「きれいさび」という、つまり古田織部あたりでとっ散らかっちゃったワビサビをもっかい整えましょ、的なお茶文化を創始した小堀遠州さんの、その何代か後の宗家さんの展覧会、らしいです。
ま、そのへんはざっくりと理解して(いや、理解しないで)、出かけていきました。
眼目はただひとつ、天下に聞こえた大井戸茶碗「喜左衛門」です。
名だたる茶碗の数々を修業時代にさんざん観てきましたが、この国宝にははじめてお目にかかります。
目黒区美術館は、わいわいガヤガヤとした目黒駅からちょっと離れた閑静な住宅地の奥の奥、鬱蒼とした林の中に埋もれるように建ってました。

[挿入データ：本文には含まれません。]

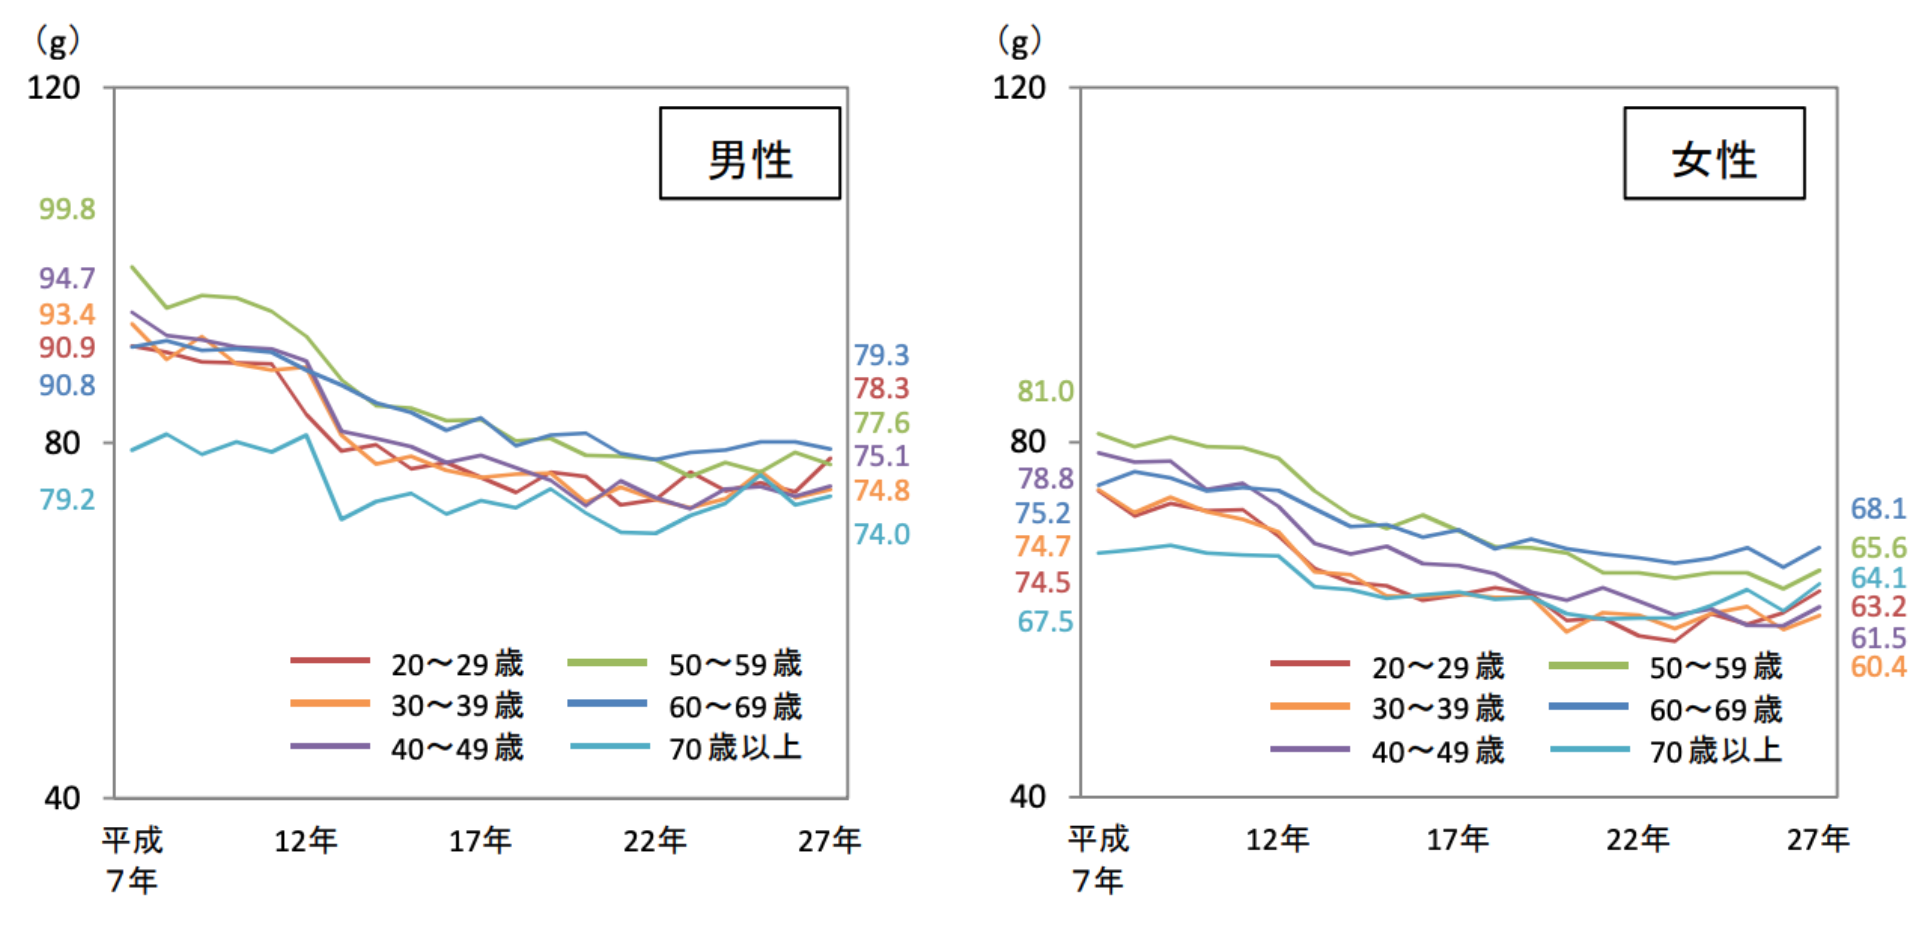 日本人のタンパク質摂取量の平均値の年次推移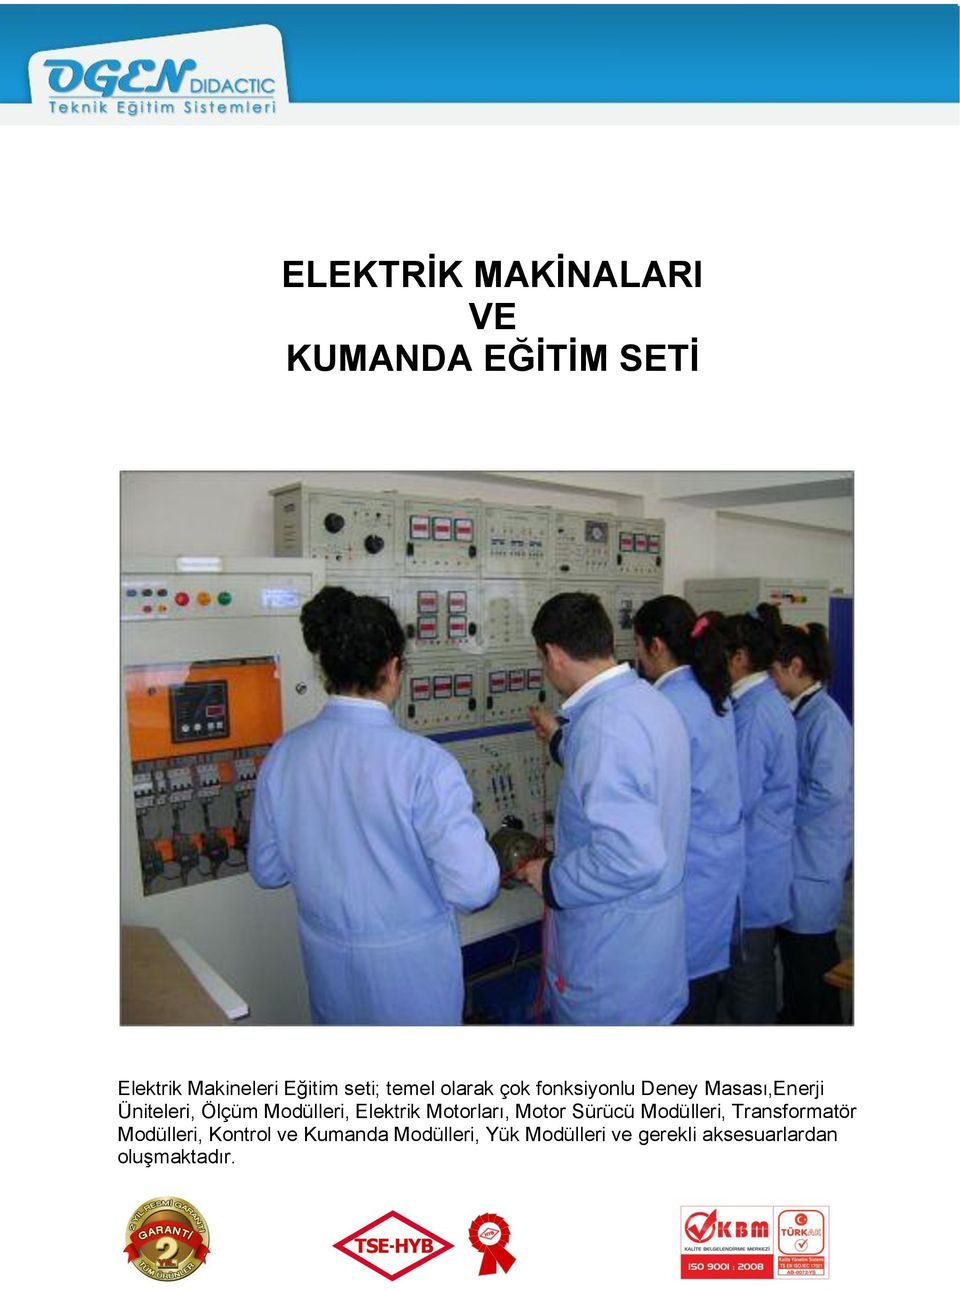 com / Elektrik Makineleri Eğitim seti; temel olarak çok fonksiyonlu Deney Masası,Enerji

これが「田舎の小さな公民館」的たたずまいで、人影まばらで、かつ出入りも大らかなもの。
「ここに喜左衛門が?」と、まったく拍子抜け。
しかしとにかく飛び込み、ザコ展示には目もくれず(御免、たいした作品だとは思うんだけど)、目的に向かって一直線に突き進みます。
すると、ありました、喜左衛門さま。
たいした工夫もなく陳列された展示品の中で、すぐに目にとまりました。
なぜなら、どういうわけかくすんで古ぼけたいっこの小ドンブリに、後光が射している。
これがもう誇張なしに、光り輝いてるわけ。
シャイニング!
・・・細かい説明は「陶芸みち」に書いたから省きますが、とにかくドギモを抜かれる格でした。
すぐ隣に、かの有名な継ぎはぎ青磁「馬蝗絆」や、オレの(この寸前まで)いちばん好きな井戸「柴田」まで並んでましたが、それがしょぼくれて見えるほどの圧倒的な存在感。
目を奪われる、というのはこういう状況に置かれたときの人間の反応をいうのですね、まさにそれ。
し、視線が、う、動かせない・・・
こんなとき、ナイスな環境だぜ、目黒区美術館。
大きな展示室に、人影はふたつみっつしかなく、それも「どーでもいい展示品」のところでふーん、とか、ほー、とか言ってるすっとぼけたじいさんばかり。
つまり、喜左衛門の周囲5メートルを独り占め。
ためつすがめつ、一時間以上も凝視してしまいましたわ。
修業時代には、この天下一の茶碗の写真を前に、真似してやろうとろくろを回したりしたものでしたが、ホンモノはやっぱし破格でした。
真似しようなんて、失礼ってものです。
ただただうっとりと見つめ、姿を目に焼き付け、脳裏に刻み込んで、合掌して帰ってきました。